Comment by root_axis
6 days ago
The problem with LLMs for code is that they are still way too slow and expensive to be generally practical for non-trivial software projects. I'm not saying that they aren't useful, they are excellent at filling out narrow code units that don't require a lot of context and can be quickly or automatically verified to be correct. You will save a lot of time using them this way.
On the other hand, if you slip up and give it too much to chew on or just roll bad RNG, it will spin itself into a loop attempting many variations of crap, erasing and trying over, but never actually coming closer to a correct solution, eventually repeating obviously incorrect solutions over and over again that should have been precluded based on feedback from the previous failed solutions. If you're using a SOTA model, you can easily rack up $5 or more on a single task if you give it more than 30 minutes of leeway to work it out. Sure, you could use a cheaper model, but all that does is make the fundamental problem worse - i.e. you're spending money but not actually getting any closer to completed work.
Yes, the models are getting smarter and more efficient, but we're still at least a decade away from being able to run useful models at practical speeds locally.
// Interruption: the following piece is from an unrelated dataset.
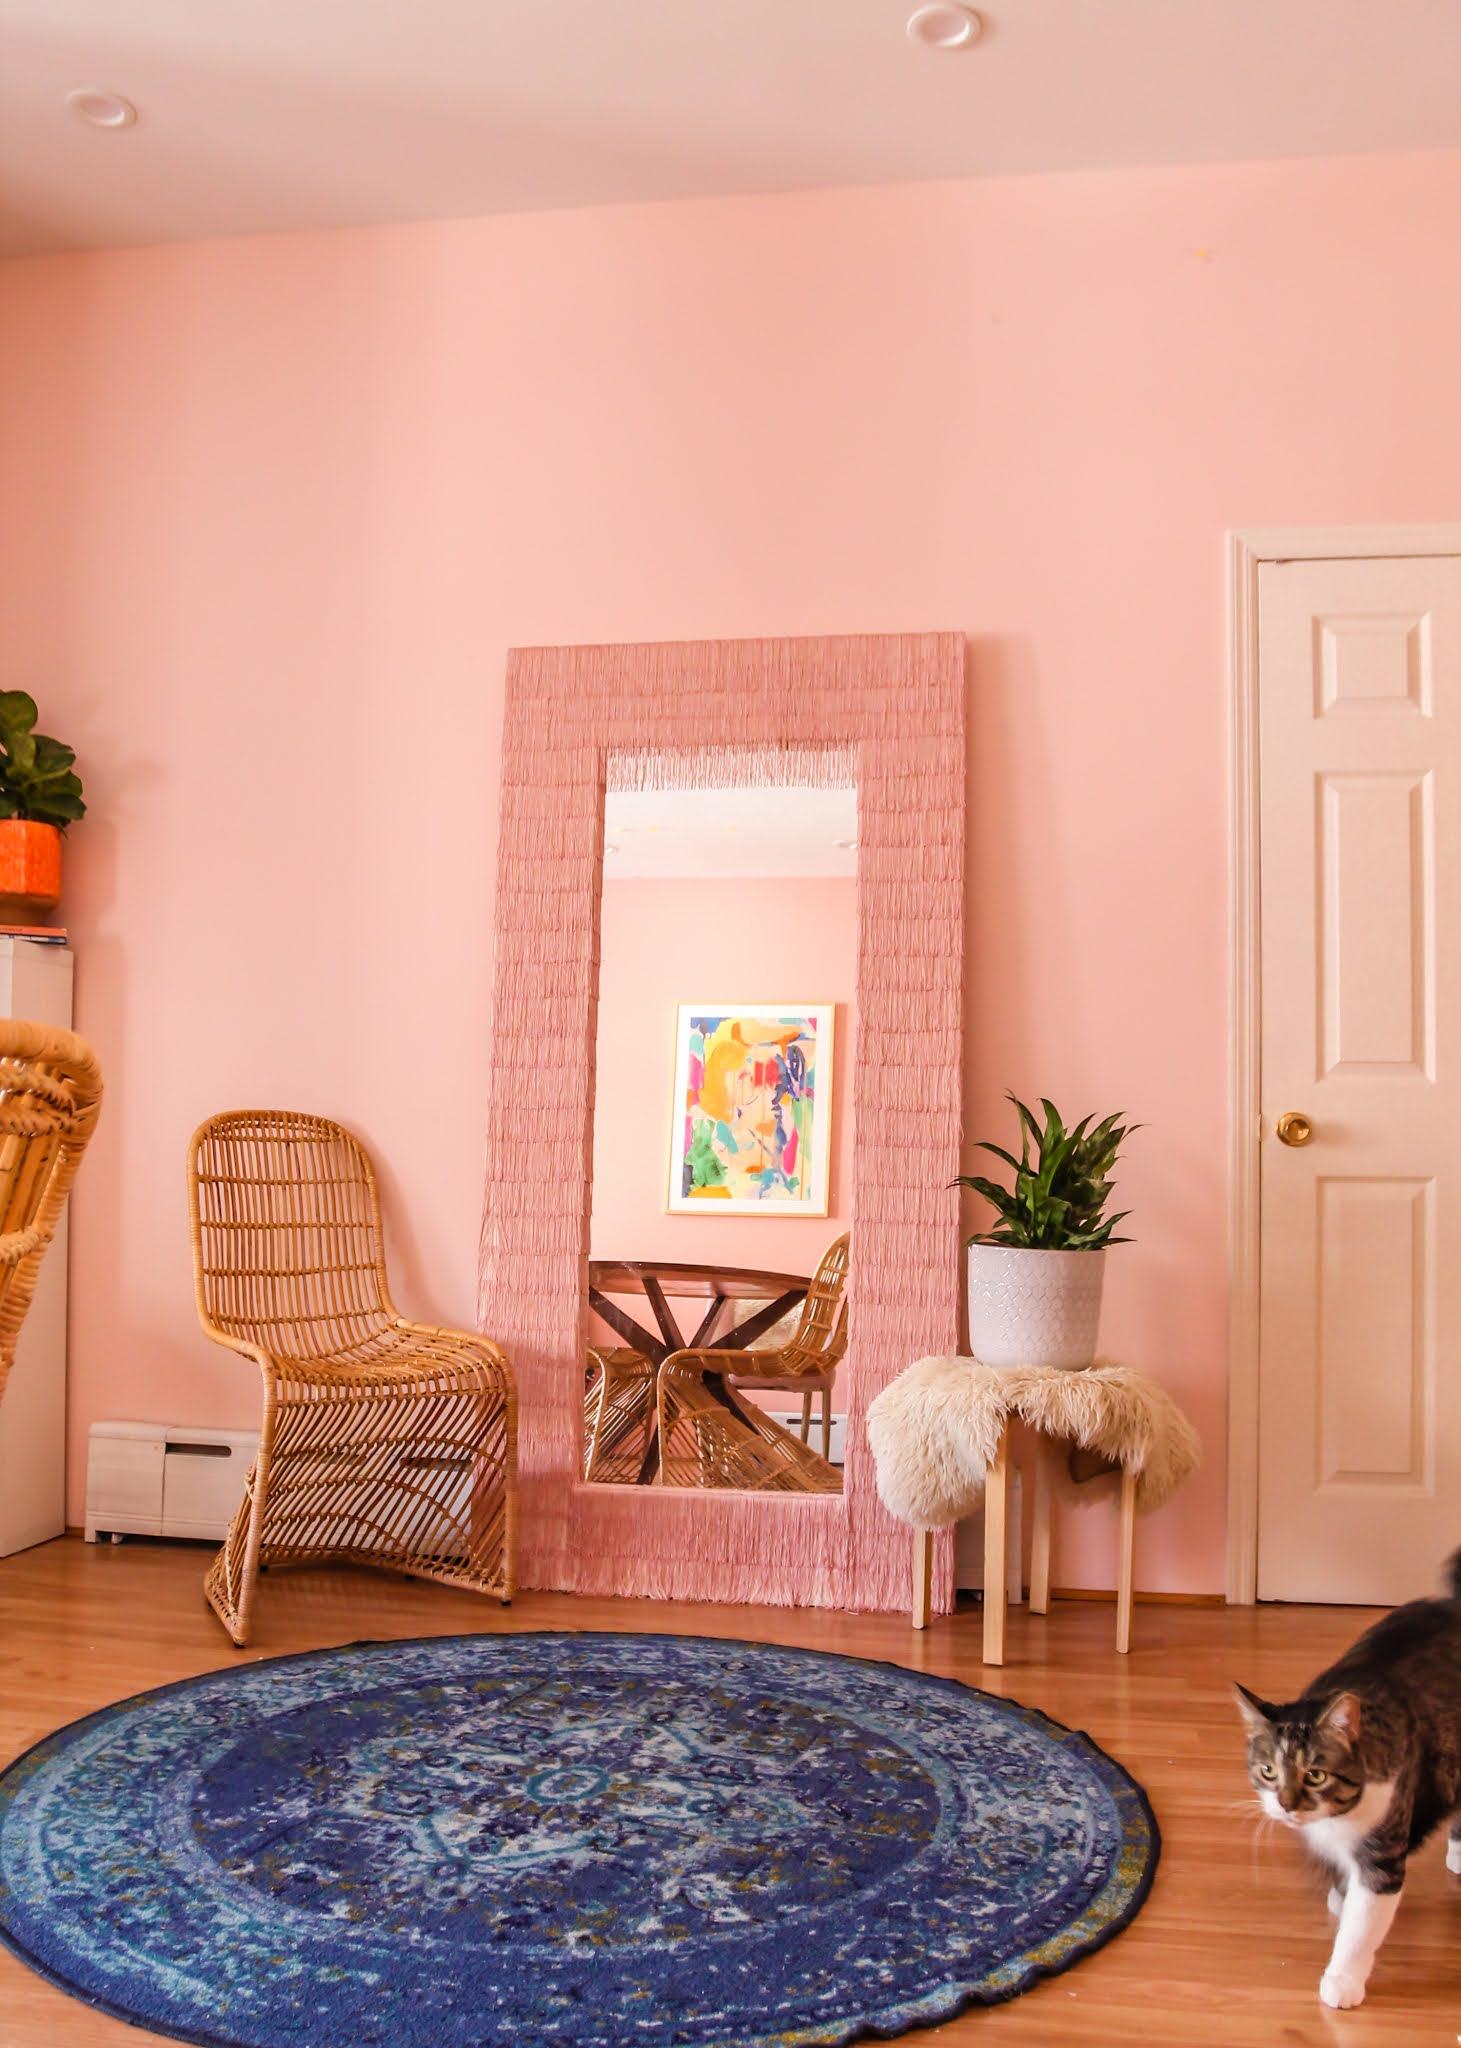 Ikea Hack // Ikea Mirror Hacks // Fringe Mirror // DIY fringe mirror // DIY floor length fringe mirror // floor length fringe mirror // pink fringe mirror // fringe diy // Megan Zietz // tfdiaries // easy ikea mirror epicycle // easy ikea mirror hack // easy ikea hacks // colorful homes // pink mirror // diy pink mirror // fringe mirror tutorial // budget friendly mirror diy // ikea mongstad mirror diy // ikea mongstad mirror hack // ikea mongstad // pink mirrors // pink floor length mirror

Aggressively quantized 70b models simply can't cut it, and even then, you need something like 10k tps to start building LLM tools that can overcome the LLM's lack of reasoning skills through brute force guess and check techniques.
Perhaps some of the AI skeptics are a bit too harsh, but they're certainly not crazy in the context of breathless hype.
What are you talking about? It’s $20/month.
OP is talking about API usage, and yes if you let Claude 4 Opus crunch on a long task it'll eat tokens/money like nothing else.
Those $20/month plans usually come with throttling, or other type of service degradation once you max out their allotment.